Doctors aren’t psychics

As in our own nation, euthanasia legislation is looming large over the ditch.

Having passed its second reading 70/50 in June, New Zealand’s End of Life Choice bill would allow terminally ill adults to request assisted dying with the approval of two doctors.

The bill is now undergoing a series of debates about amendments ahead of its third-and-final reading.

One of the successful amendments to date prohibits health practitioners from initiating any discussion about assisted dying.

Another explicitly states that if any pressure is suspected on a person applying for assisted dying, doctors and nurses must stop the process.

But how are medical professionals to know?

In the words of Nelson MP Nick Smith: "The idea that a stranger doctor is going to able to determine whether a person is under undue influence … I think is a really important gap in the law."
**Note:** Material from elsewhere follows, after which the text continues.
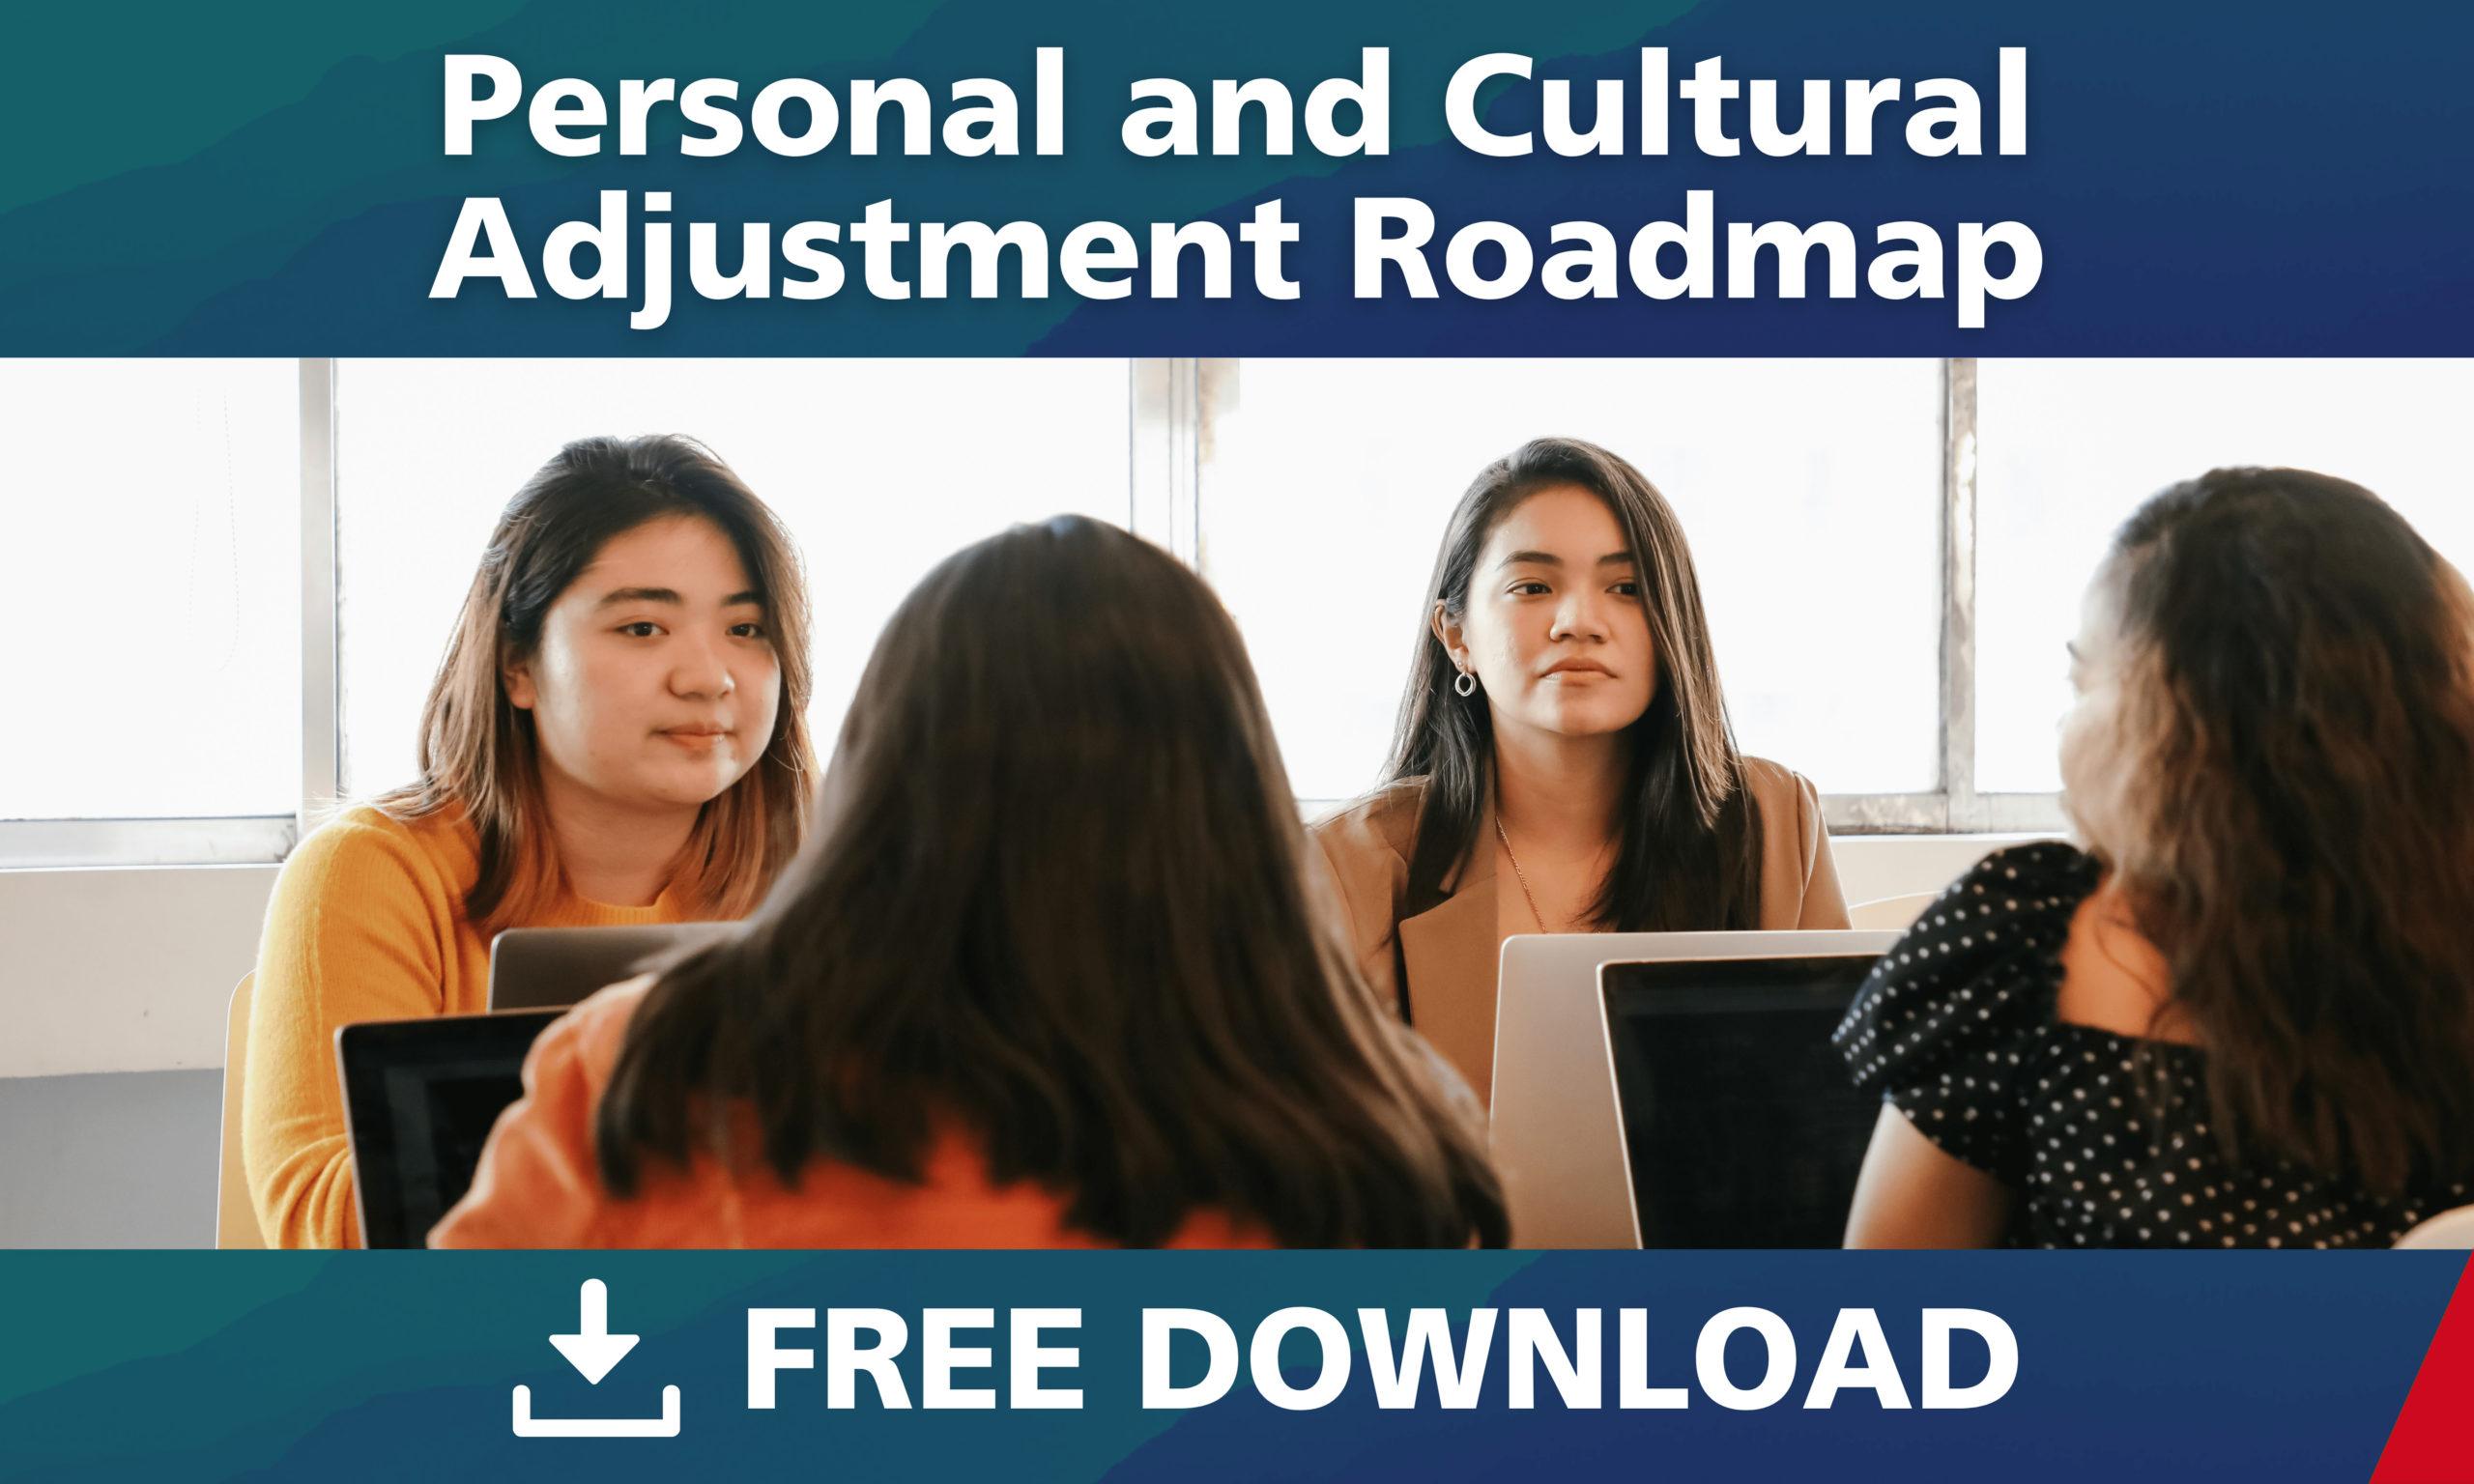 Personal and Cultural Adjustment Roadmap

Dr Ian Gwynne-Robson agreed.

“Detecting coercion is extremely difficult and is not something doctors have any training in...  There is no way to guarantee the absence of coercion in the context of assisted suicide. This bill needs to be defeated, and this SOP points out the grossly inadequate protections against coercion in the bill.”

But Act Leader David Seymour, whose bill it is, said extensive studies overseas show it was not the vulnerable that most often ended their lives with euthanasia, suggesting coercion was not an issue.

"If there was undetectable coercion it would show up in the data," he said.

"It does not show up in the data. That is the fact."

The complete nonsensicalness of his statement appears to have escaped Mr Seymour entirely.

Begging to differ, Dr Amanda Landers said, “We doctors encounter this sort of pressure all of the time – sometimes subtle and sometimes less than subtle.”

“Growing economic pressures on families can mean they find themselves less able to provide care at the very time the needs are greatest.  This can put elders at risk of coercion from families and caregivers.”

For the same reason, National's MP Agnes Loheni rightly described the bill as the "ultimate weapon" for those abusing the elderly.

"Proponents are pretending that the rules can deal with that danger [coercion]… but they are entirely inadequate to prevent abuse," she said.

"Pressures can come from family, from our healthcare system, from society as a whole. The mere existence of this bill is a subtle pressure."

Yet another doctor, Dr John Thwaites, reiterated: “While the bill as it is currently written requires medical practitioners to ‘do their best’ to ensure that the person expresses their wish free from pressure from any other person, there is no way legislation can ensure this will always be so.”

Despite the united voice of a coalition of over 1,000 doctors in New Zealand, Drs Say No, Mr Seymour is forging ahead.

He’s promised to make a series of changes tightening the bill to ensure support ahead of the last vote

But the growing group of New Zealand doctors against euthanasia is emphatic:  “No safe euthanasia legislation can ever be drafted.”